## Activity
Every line of the data below is to be given again as it appears, with the images removed.

## Dataset section
_ _ _ _ _

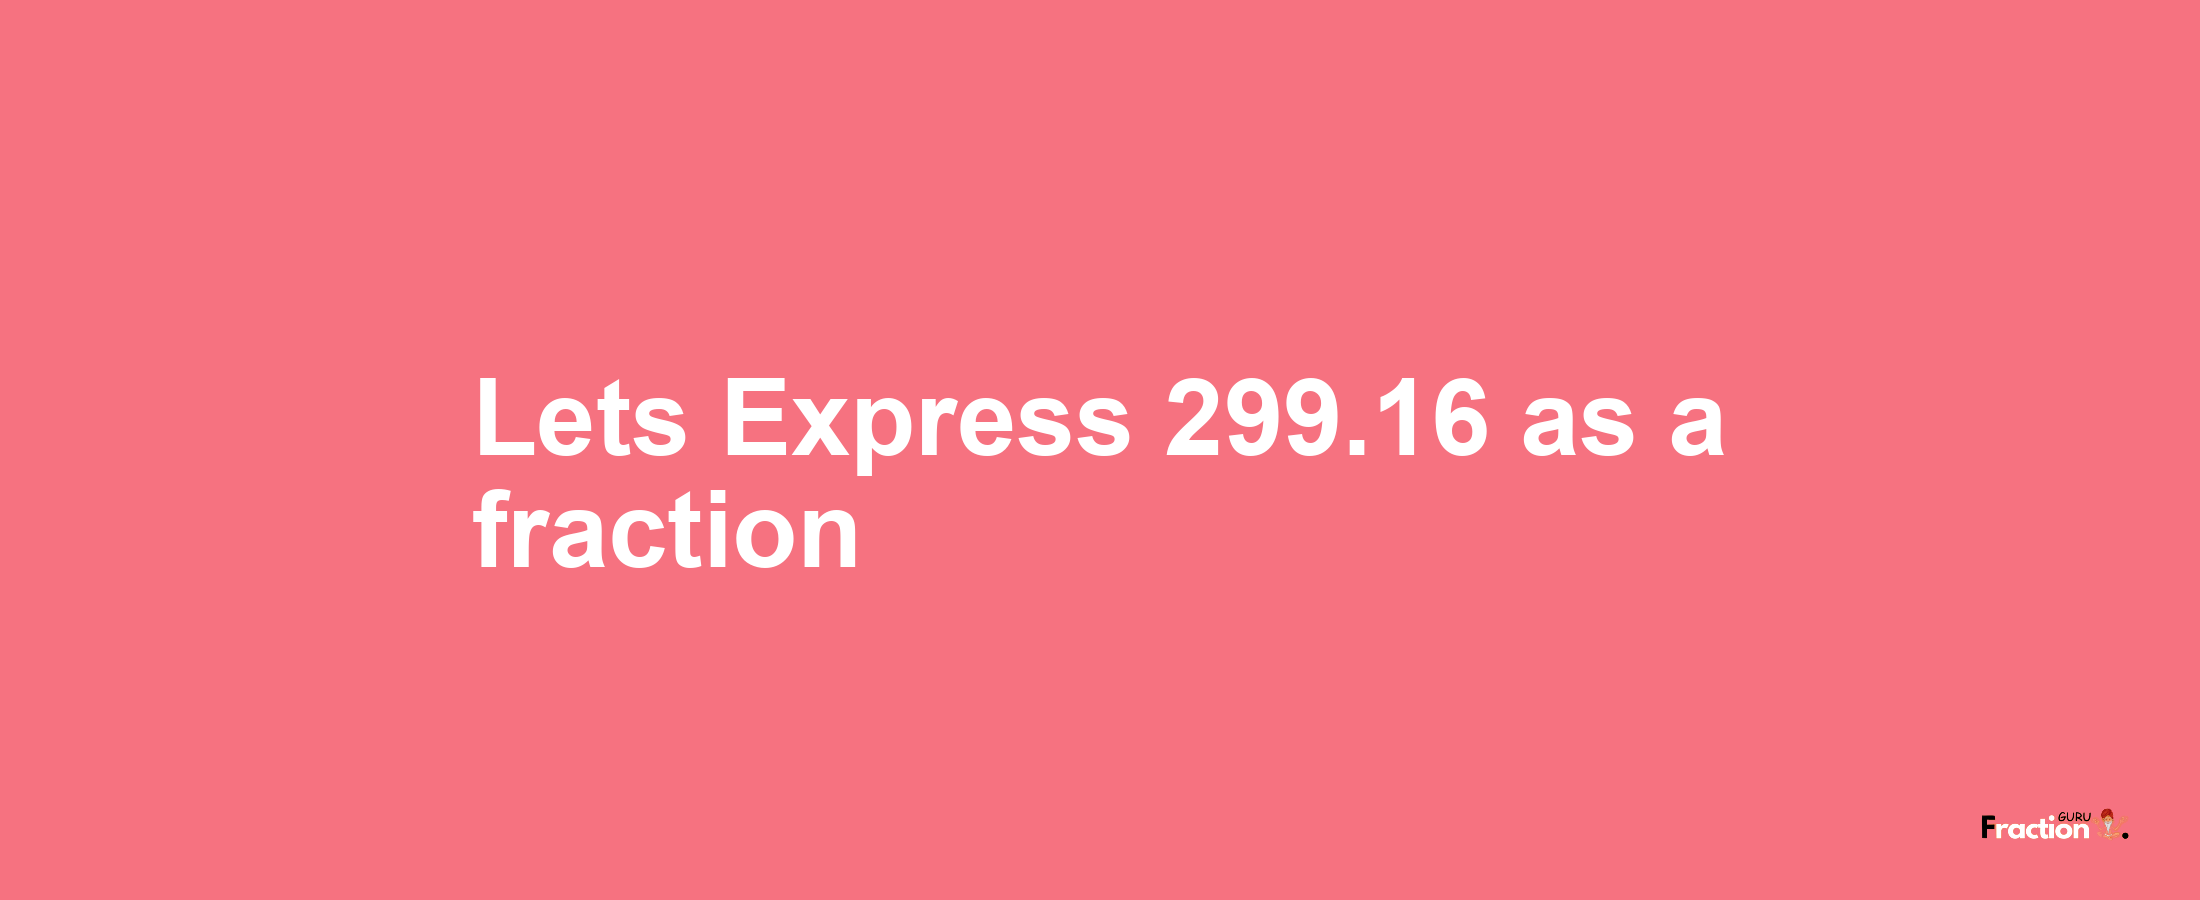 Lets Express 299.16 as afraction
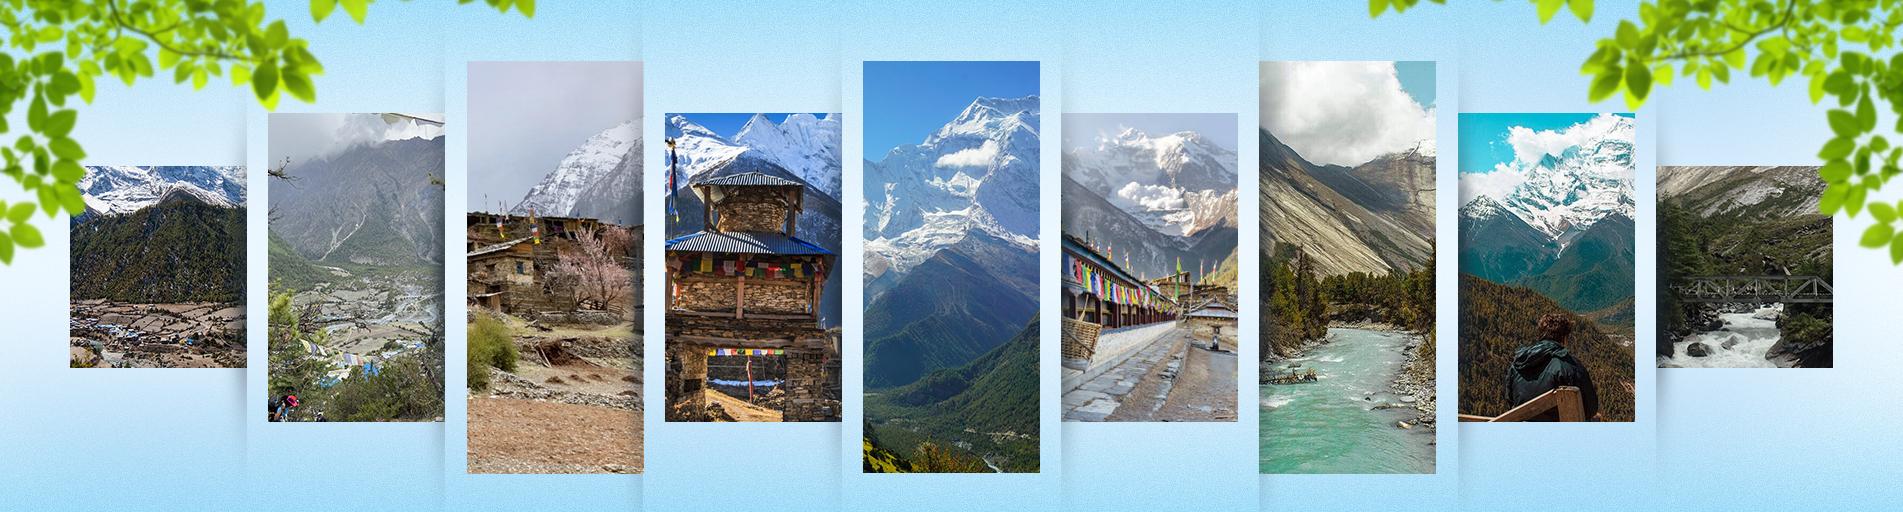 Upper and Lower Pisang: A Guide to remote villages in Annapurna Circuit trek
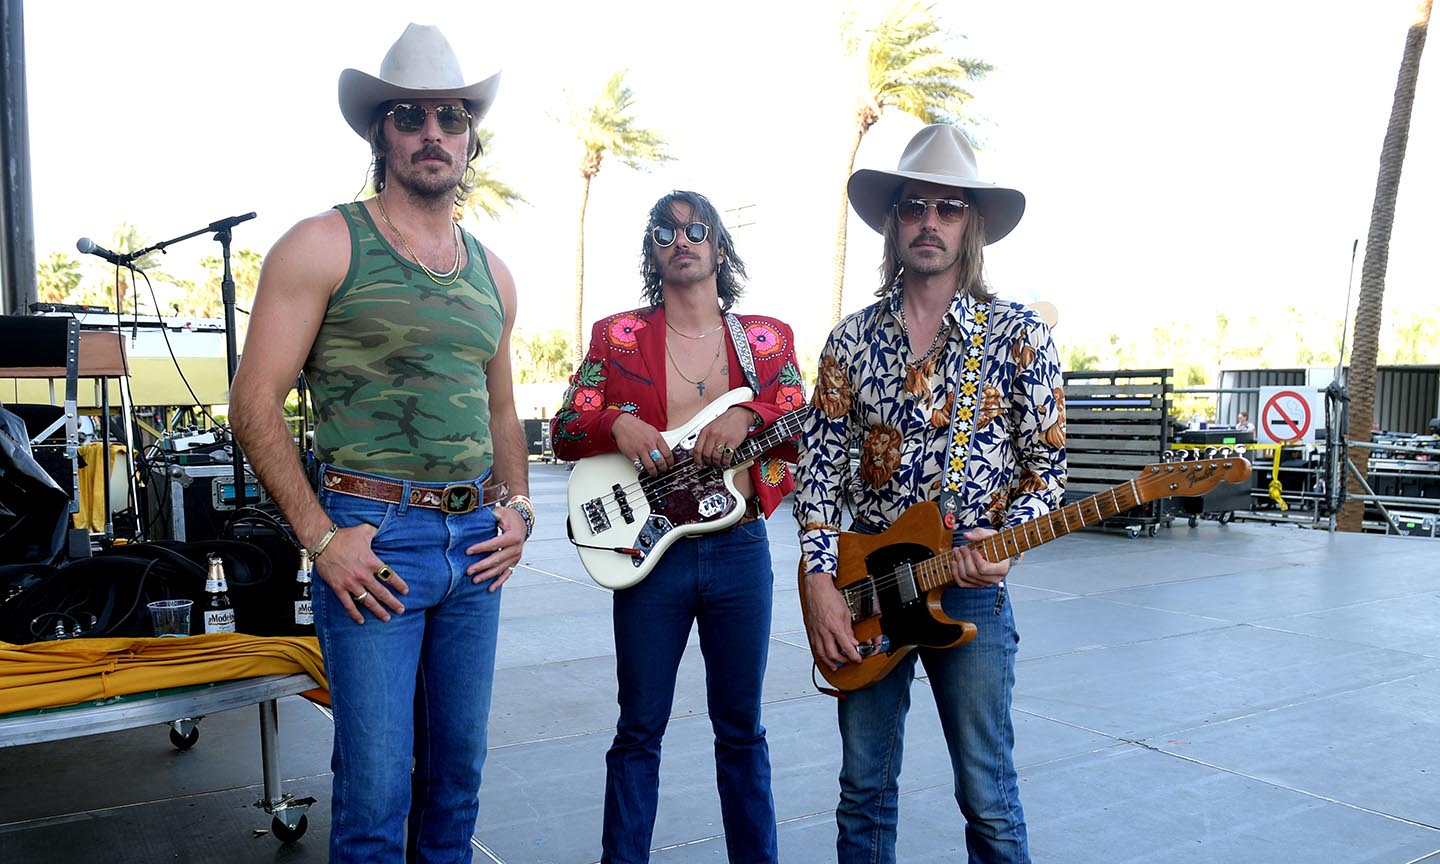 Midland Announces ‘The Last Resort Greetings From’ Tour uDiscover

_ _ _ _ _

## Task response
 Lets Express 299.16 as afraction
 Upper and Lower Pisang: A Guide to remote villages in Annapurna Circuit trek
 Midland Announces ‘The Last Resort Greetings From’ Tour uDiscover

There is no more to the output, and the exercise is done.